How to Say No
Have you heard the phrase “When you want something done ask a busy person to do it?” That’s why people come to you. They know you can do it, get it done correctly and in a quick, orderly fashion. If you’re overwhelmed and can’t do it, here are a few ways to say “no” without losing your job or the respect you’ve earned.
I’ve always lived by the phrase, “If it’s not beyond a reasonable request, there’s no reason why you can’t”. I like to say yes because I feel like I’m a kind, agreeable person who doesn’t want to hurt feelings, miss out on an opportunity or be perceived as uncooperative but sometimes you just can’t and if you can’t, say you can’t.
When your boss comes to you and asks you to do something last minute because someone isn’t able to meet a deadline but you’re already swamped, your boss may not be aware of just how swamped you are. Tell your boss, “Unfortunately, I don’t have the time to help with all of it, but I can do part of it if someone can help me.” Be firm but polite when saying no. Your boss will understand that you’re sympathetic to their situation; they know you’re swamped, but you’re happy to assist if there’s someone else who can split the work.
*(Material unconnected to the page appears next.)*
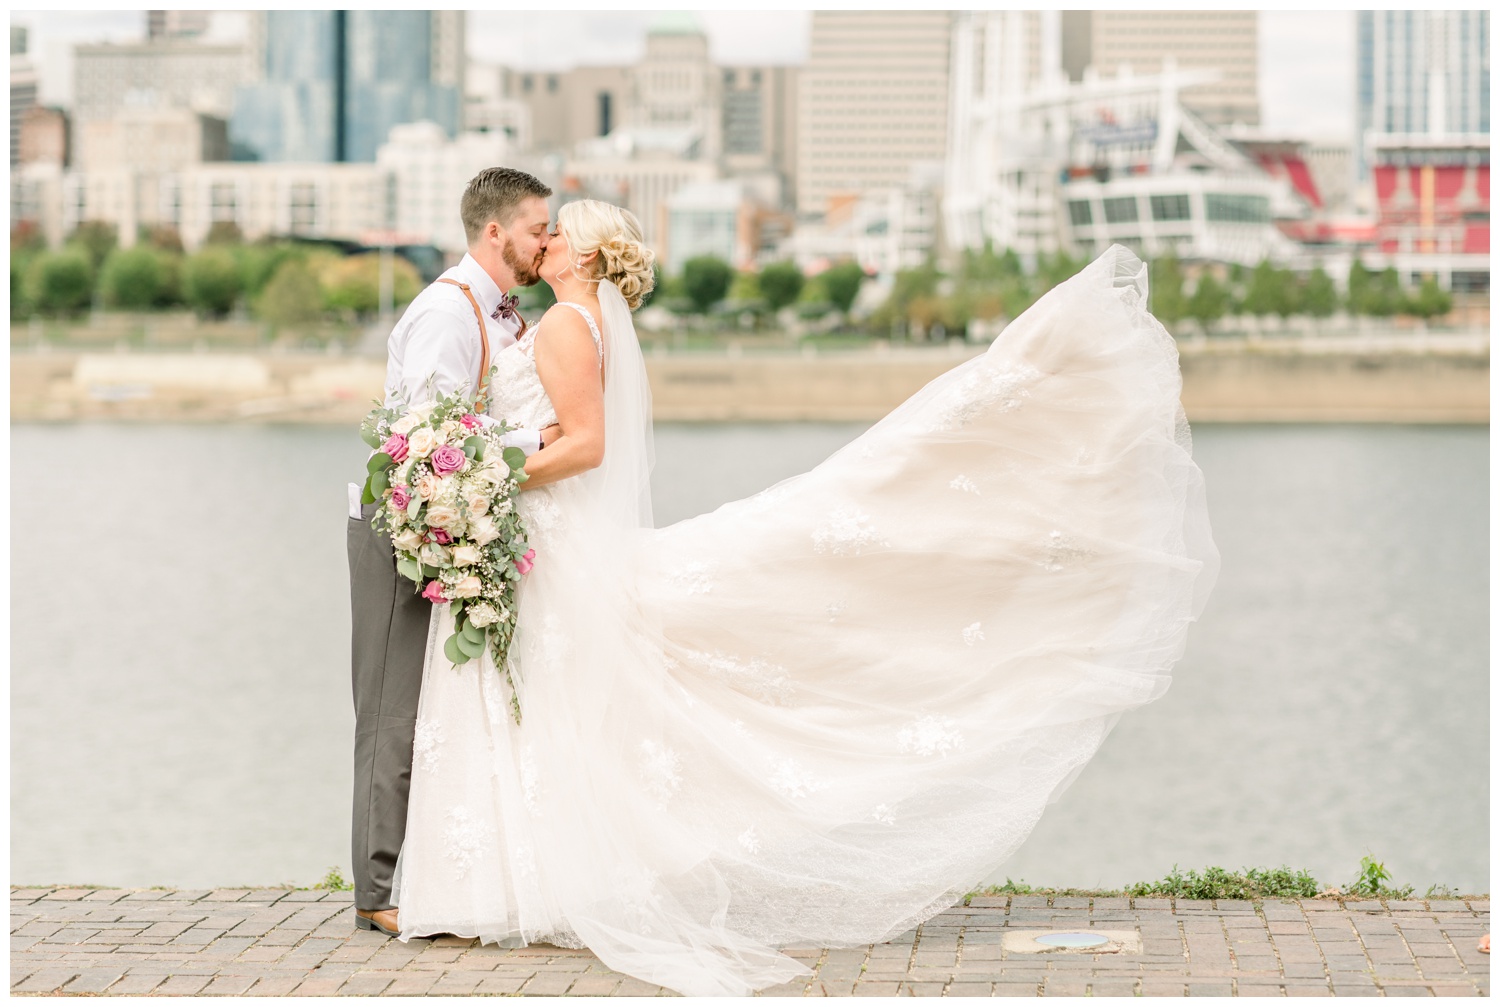 Bride and Groom with Wedding Dress Blowing in Wind with Cincinnati Skyline in Background
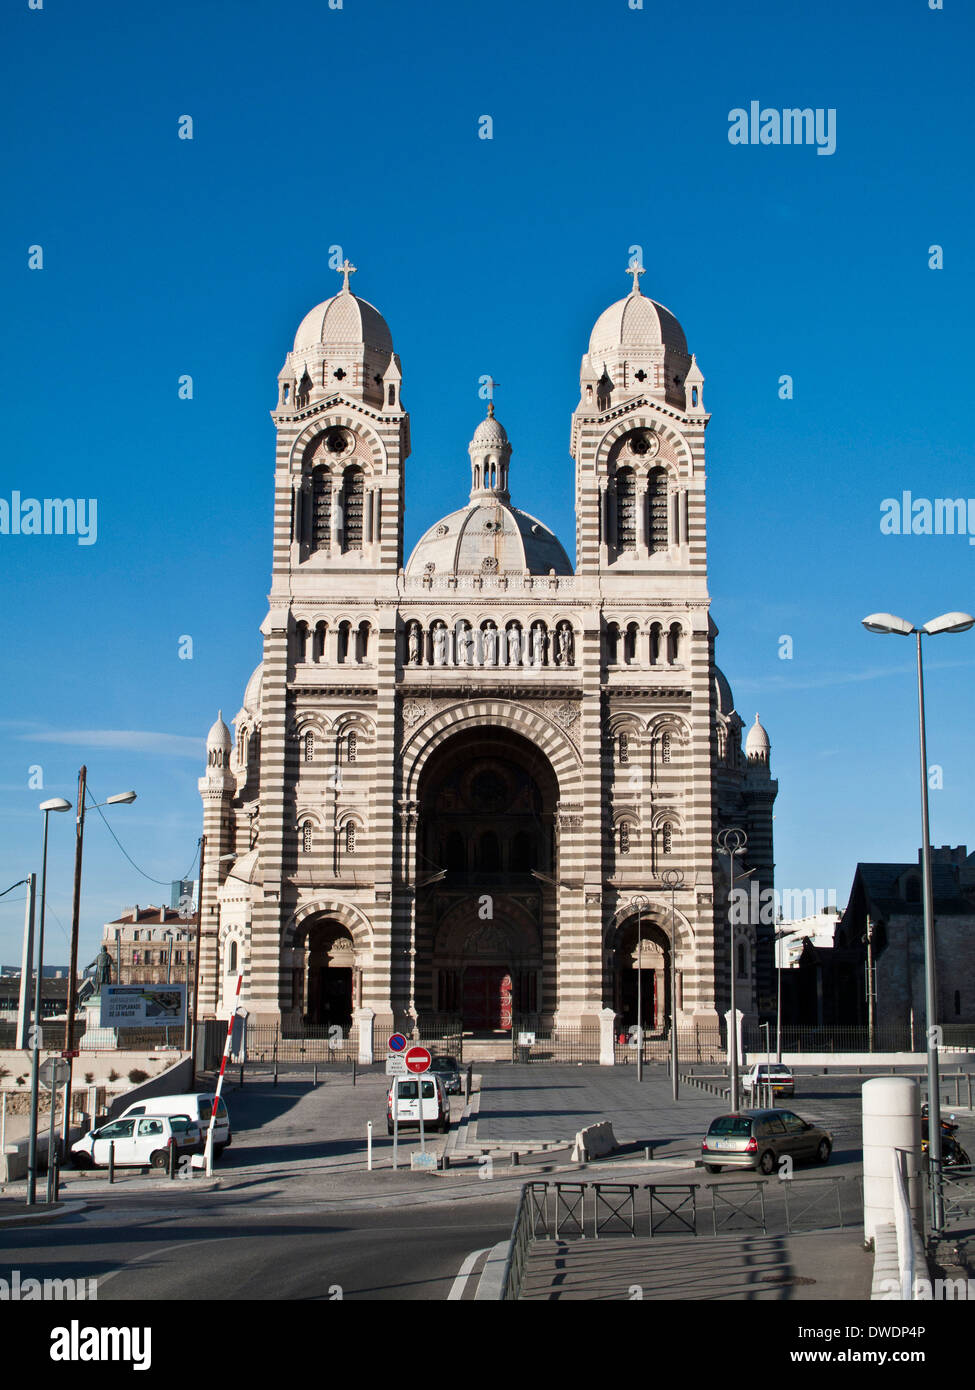 The Cathédrale of Marseille Notre Dame de la Major in Marseille, France  Stock Photo - Alamy

If this happens a lot, make them aware. Tell them you can help, but then ask if after so and so comes back if it’s OK to chat about putting a plan in place in case of last minute emergencies or vacation.
If you’re asked to do something you know you can do, but aren’t sure if you have the time, ask if you can get back to them that way you can look at your schedule and work ahead if you need to. It also gives you time to do the “yes versus stress” test. By saying yes, how much extra stress are you putting on yourself? How long is the time commitment? Is it a week so someone can go on vacation or is it going to be a long term commitment? If it’s just a week or two, that’s a no brainer, but if you know it’s going to be too much for you to handle and other things in your work or personal life will suffer say no, but ask for other ways to be of help. Then, don’t forget to follow up. If you have to say no and you’re asked why you can’t help, just a firm “it doesn’t fit with my schedule” should suffice.
If you’re being asked to turn something around in an incredibly short amount of time and you know there’s no way you can get it done even though you know you’re the exact right person for the job, don’t push everything off until later and stay at work until 8pm to finish what you’ve already been assigned to do. Tell your supervisor that you’re happy to pitch in, but that you have other work that needs to be completed and you’re concerned that there isn’t enough time to get both projects done. If you’re honest with your boss, one of three things may happen: They’ll assign it to someone else, they’ll team you up with someone else, or they’ll be flexible with deadlines so you can get everything done.
We all have to do things we don’t like to do. It’s a part of life; so when you’re asked, just grin and bear it. If it’s an unreasonable request or you’re being asked to do something that makes you uneasy, you don’t have to agree to do it, no matter where the request comes from.
However you say no, make sure you’re honest about why you can’t, but don’t be defensive or angry about why you can’t.